#### DATA SECTION
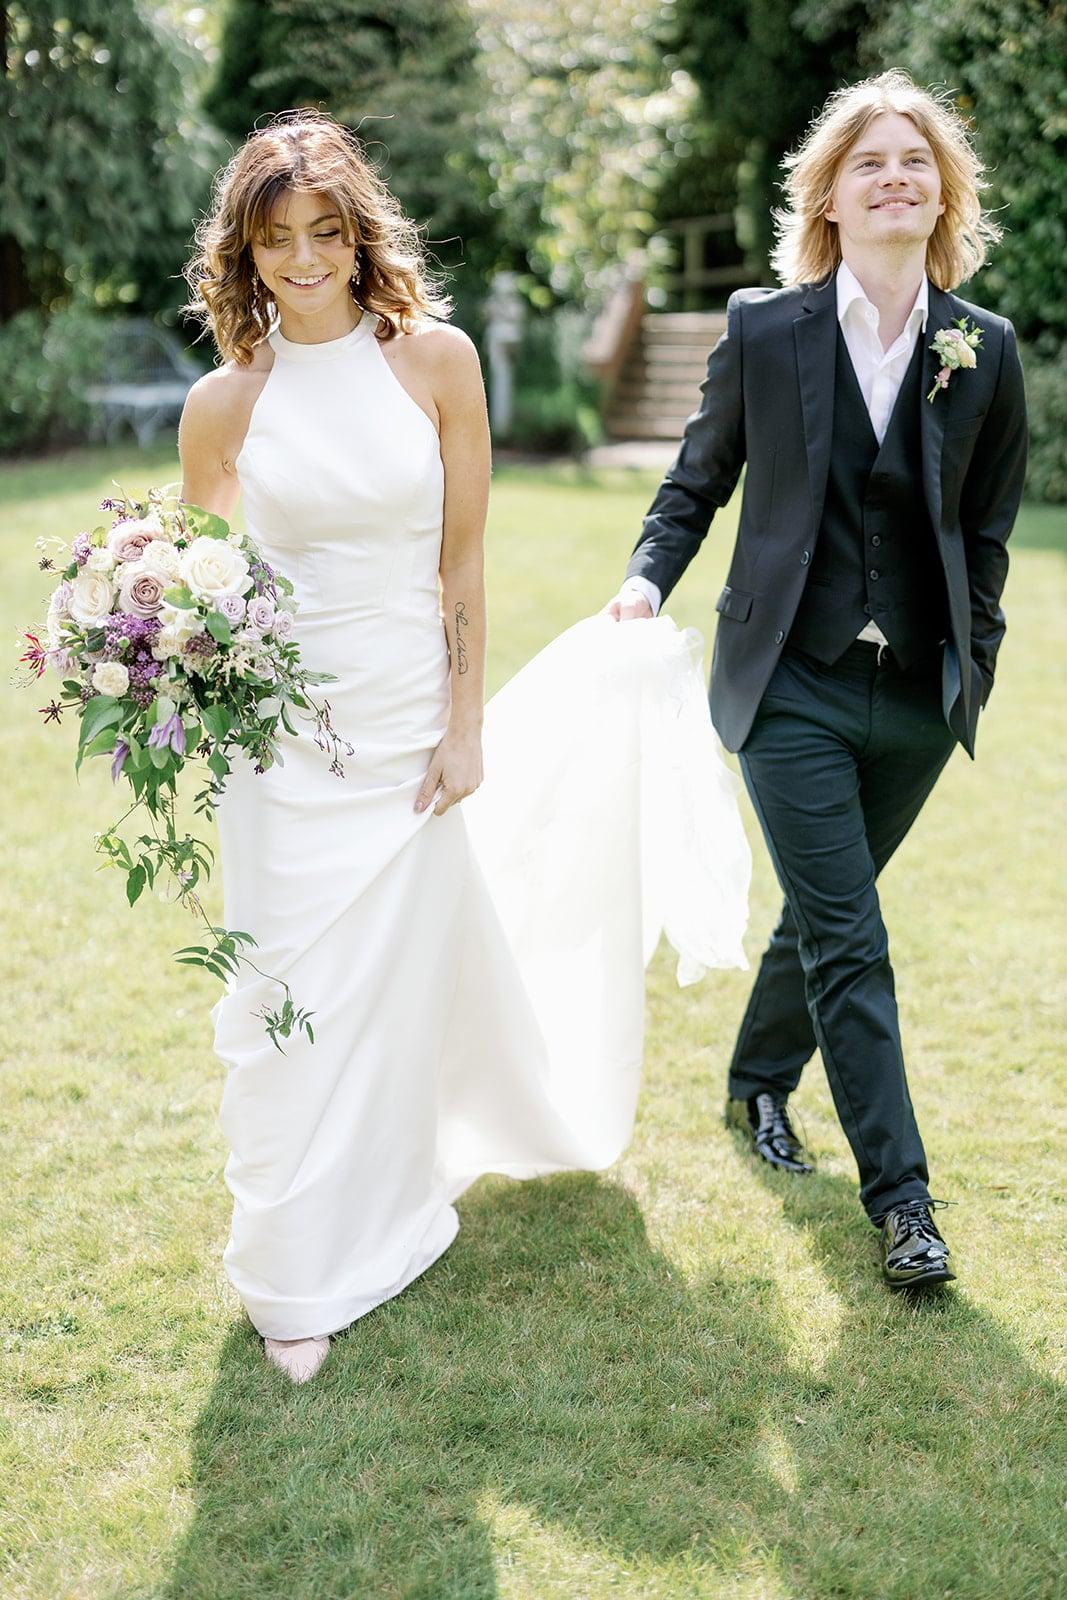 Pelham House wedding photos with wedding photographer Sussex UK
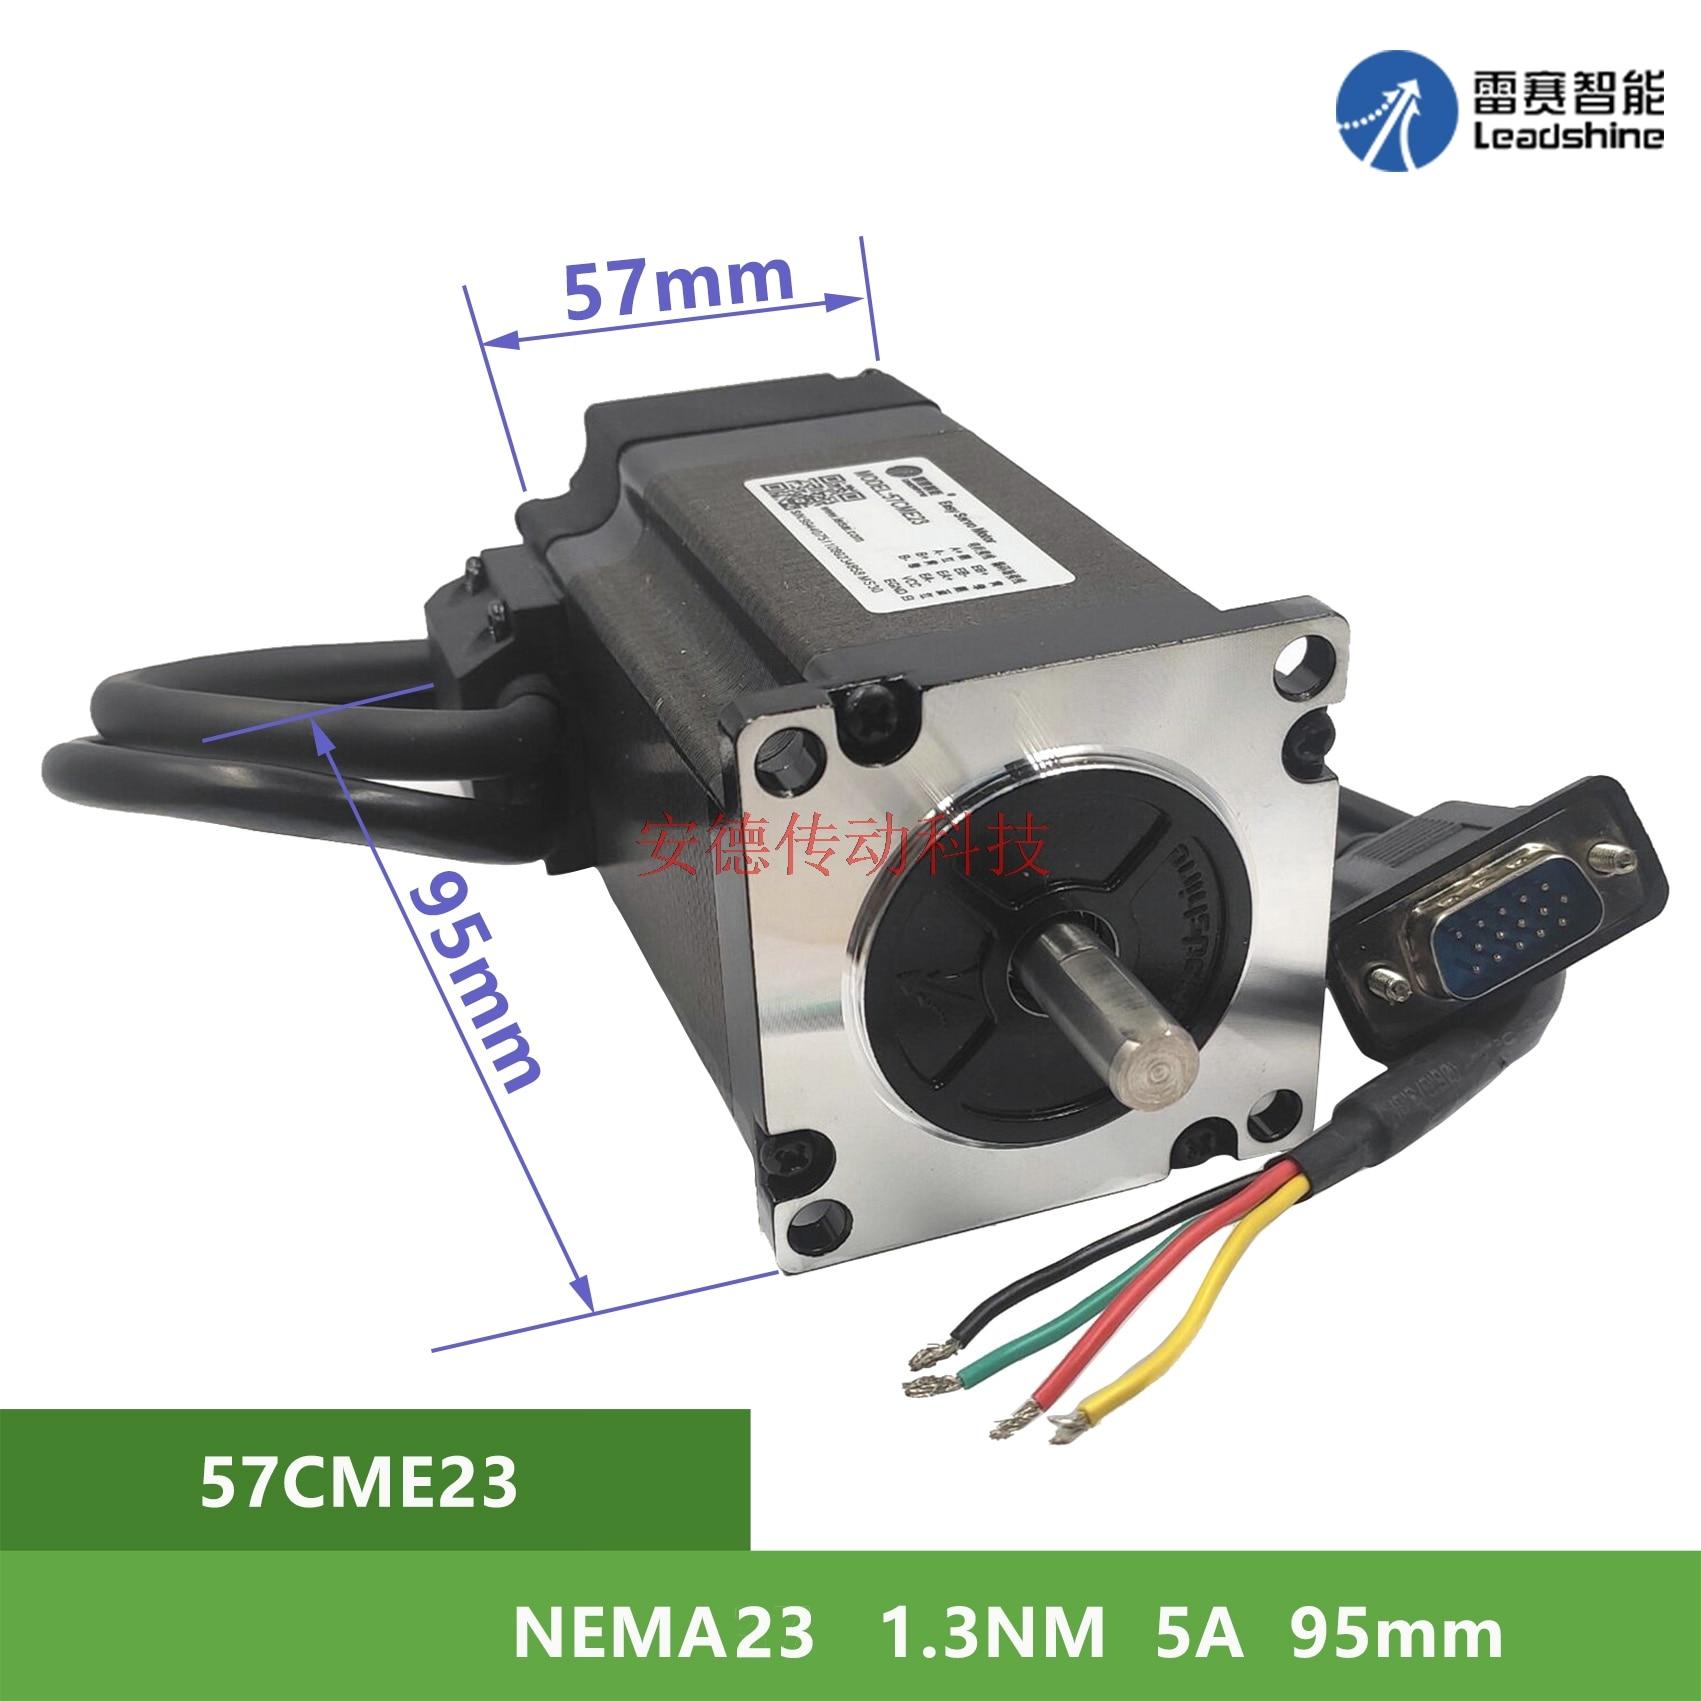 NEMA23 Leadshine 57CME23 2.3Nm 5AClosed حلقة محرك مؤازر 2 المرحلة رمح القطر 8 مللي متر
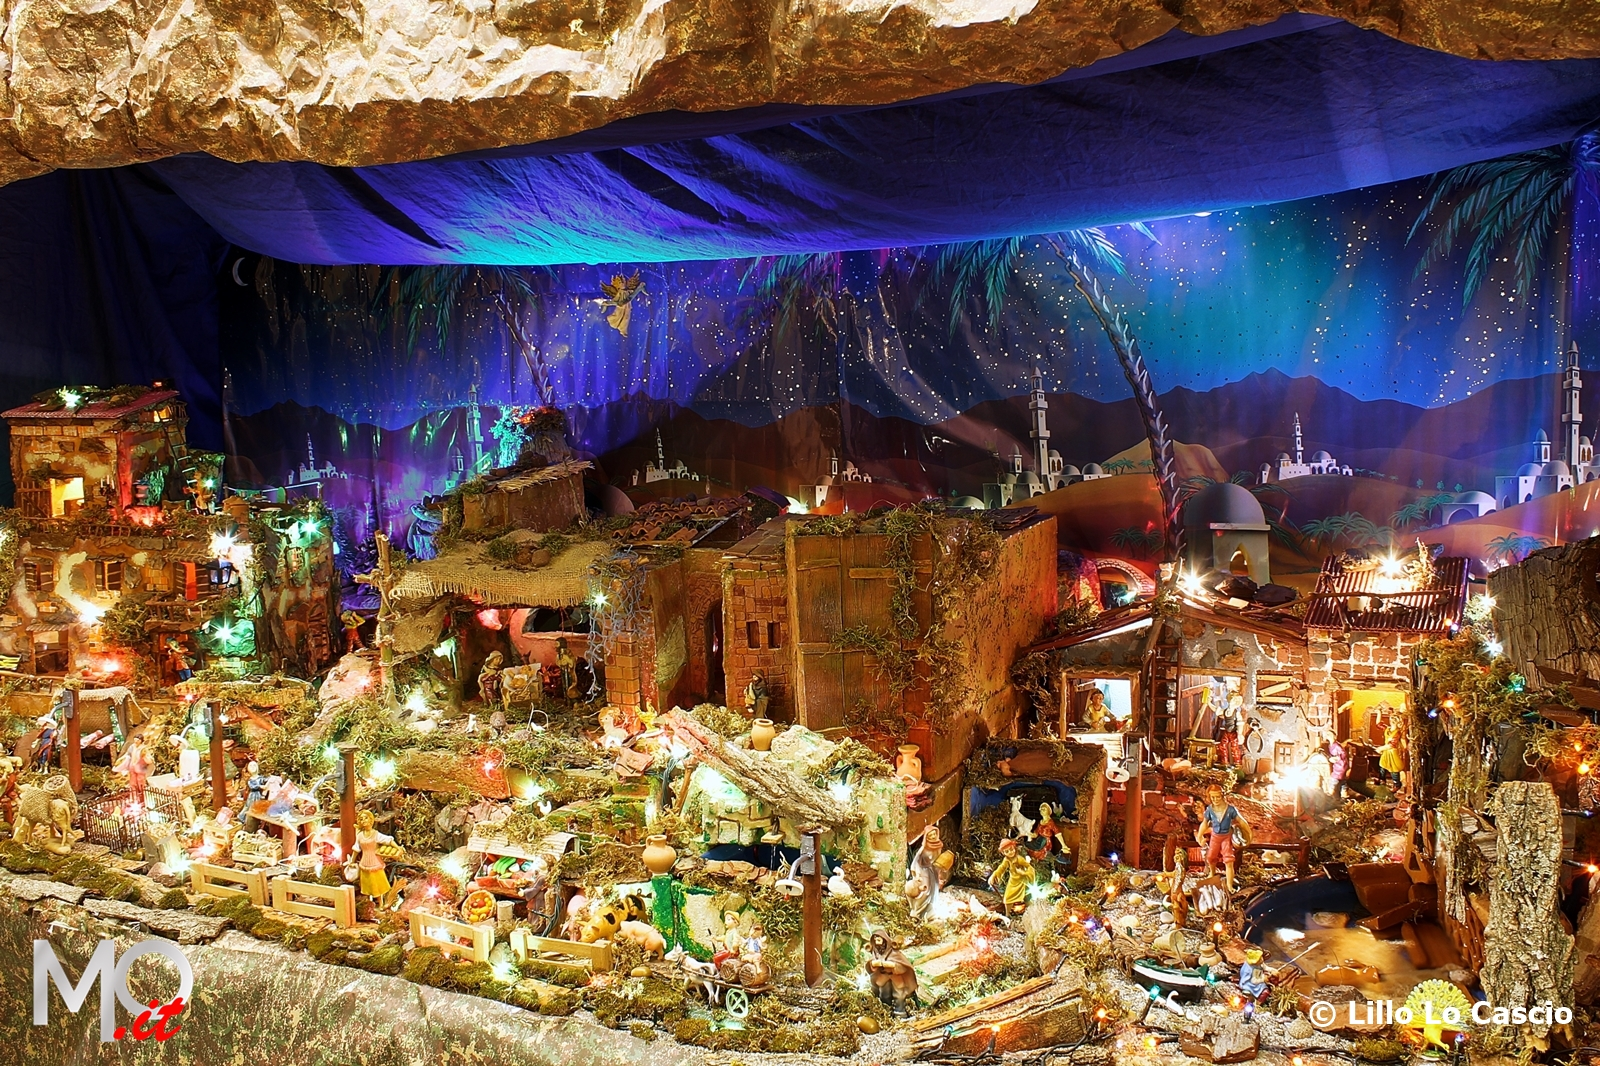 Natale 2015 fino al 10 gennaio al santuario di s antonio - Presepe in casa ...

#### WORK REQUEST
Repeat only the lines from the one holding "NEMA23 Leadshine 57CME23" through the last line of the data, inclusive. Keep the pictures out.

#### EXERCISE RESPONSE
 NEMA23 Leadshine 57CME23 2.3Nm 5AClosed حلقة محرك مؤازر 2 المرحلة رمح القطر 8 مللي متر
 Natale 2015 fino al 10 gennaio al santuario di s antonio - Presepe in casa ...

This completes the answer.